Het gehele observeren was afhankelijk van het menselijk oog. Vandaag gebruikt de professionele
astronoom grote telescopen met sensitieve elektrische licht detectoren. Voor de amateur is het gebruik
van de fotografie al jaren vertrouwd. Maar vele amateur astronomen kijken nog veel visueel.
Het direct waarnemen van deep sky objecten is voor velen een zuivere hobby. De gemiddelde amateur
gebruikt een kleine spiegel of lenzen kijker van 10 to 25 cm. Deze hedendaagse telescopen geven bij
bescheiden spiegeldiameters een beter beeld van deep sky objecten dan de vroegere grotere telescopen
die door de pioniers werden gebruikt. Er zijn duizenden interessante deep sky objecten te zien, maar de
meeste zijn erg zwak, en honderd maal zwakker welk het ongewapend oog kan zien. Hoewel een telescoop
van bv 15 cm, 400 maal licht sterker is dan het oog. Blijven de deep sky objecten uiterst zwakke nevelige
objecten.
In deze lezing zal de spreker de werking van het oog bespreken bij het waarnemen van deep sky objecten
met de telescoop. Het oog kan zwakke objecten waarnemen waarvan het licht uitgespreidt is over een
hoek van 5 tot 10 graden. Bij gebruik van een telescoop kunnen we deze zwakke nevelige objecten
zodanig vergroten zodat zij voor het oog goed waarneembaar zijn.
De werking van de telescoop komt ook hierbij volledig aan de orde. Een interessant onderwerp is de
"Optimum detection magnification" voor een bepaald deep sky object.

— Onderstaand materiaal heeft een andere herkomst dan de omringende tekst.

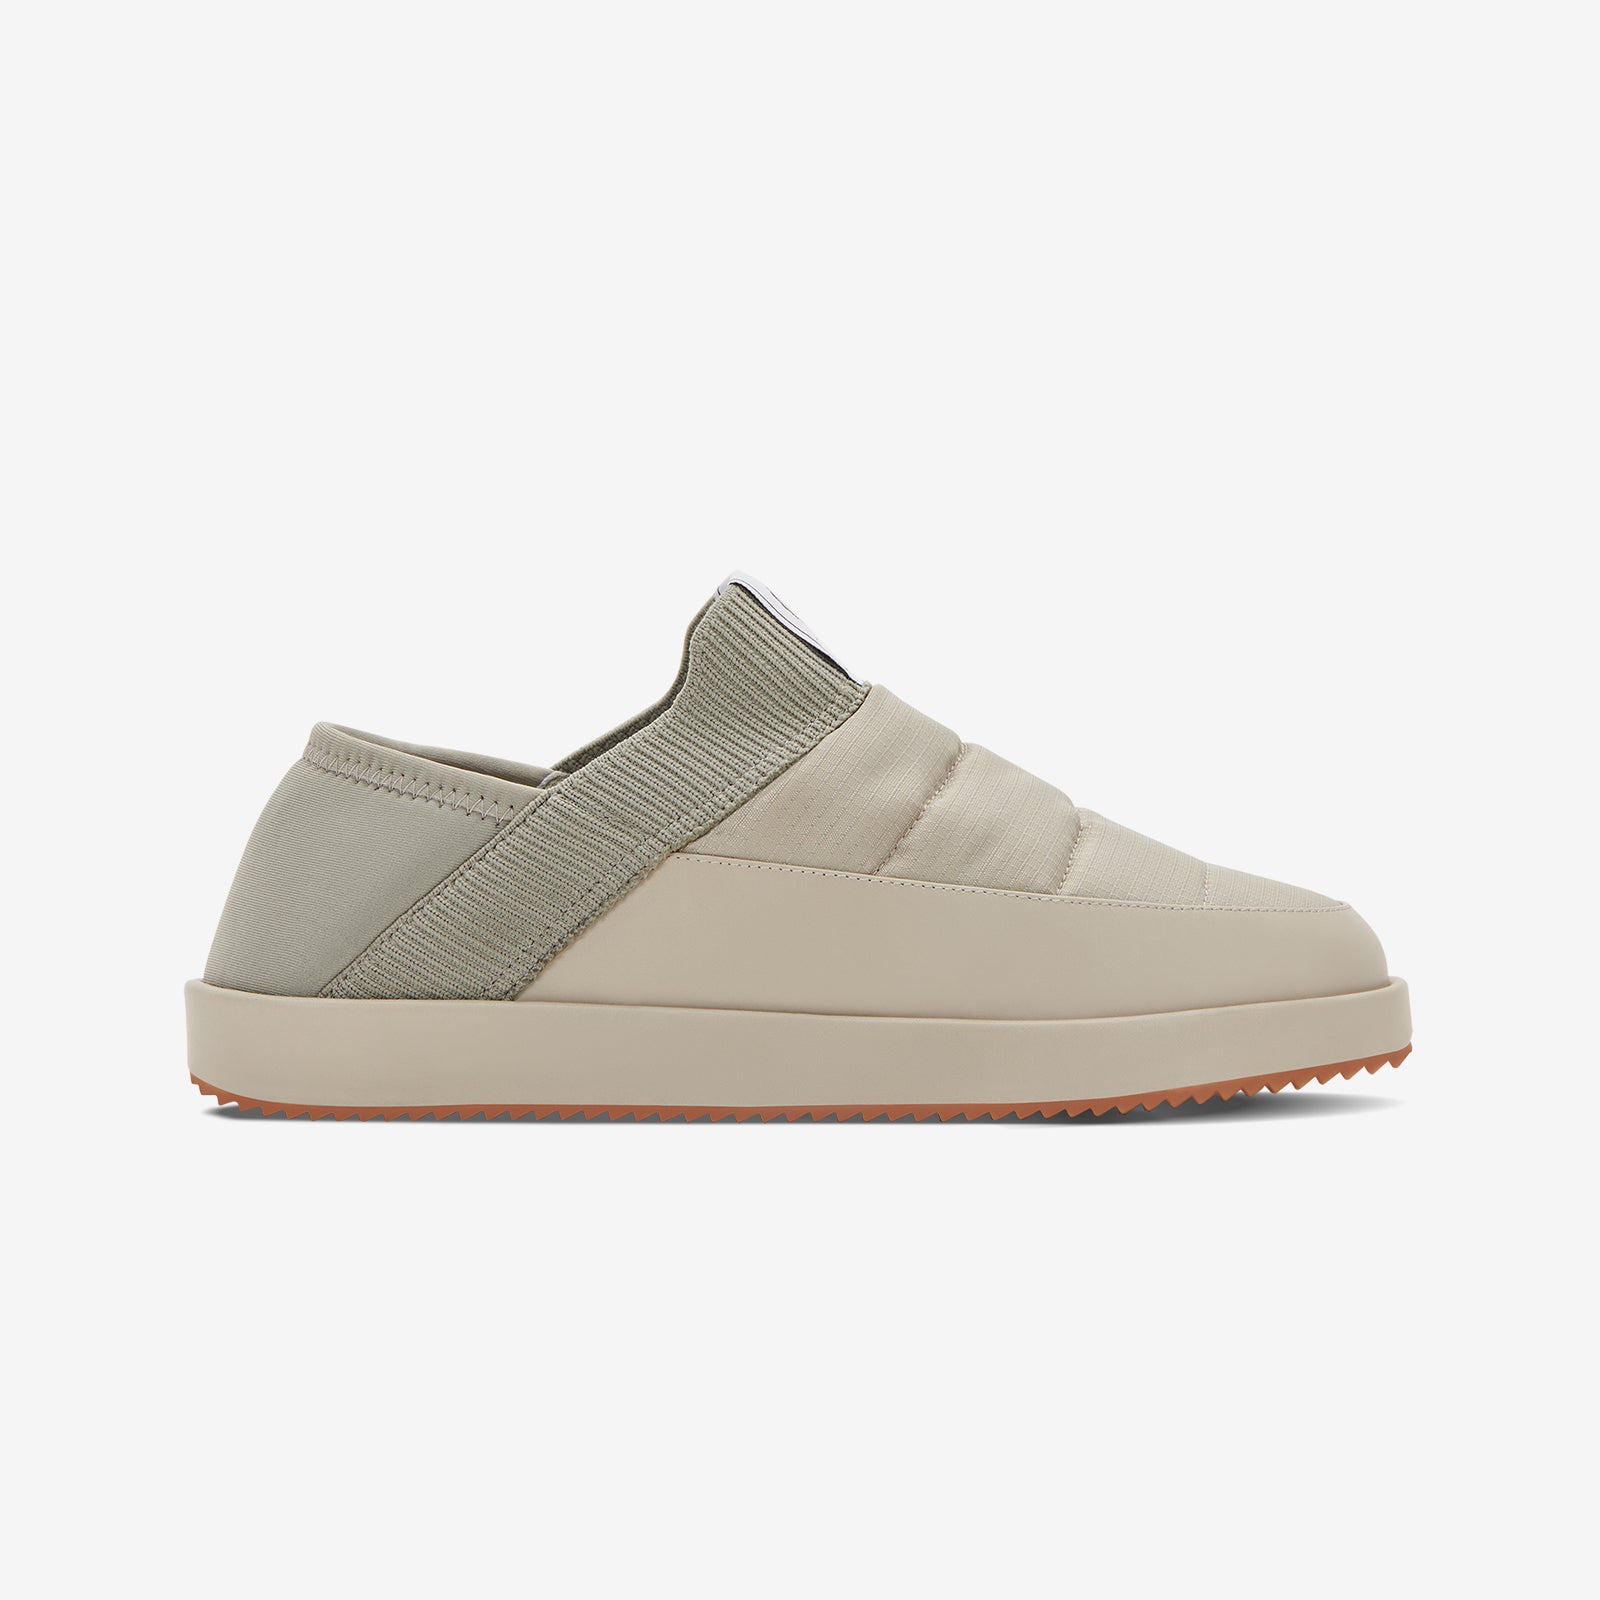 Greats - The Foster Slipper Closed Grey - Gender Neutral Shoe – GREATS

Deze varieert afhankelijk van de
diameter van de telescoop. In de lezing zal duidelijk worden gemaakt dat de oppervlakte helderheid van
het waargenomen object bij een kleine telescoop zwakker is dan bij een grote telescoop, daarom zal de
vergroting hoger moeten zijn om deep sky objecten te kunnen observeren met bescheiden telescoop
diameters. De voornaamste ingrediënten die de amateur kan gebruiken om zwakke nevelige objecten te
kunnen waarnemen zijn: een uitgekiende reeks oculairen. Met deze lezing probeert de spreker de actieve
amateur astronoom te laten zien dat visueel waarnemen een boeiende bezigheid kan zijn.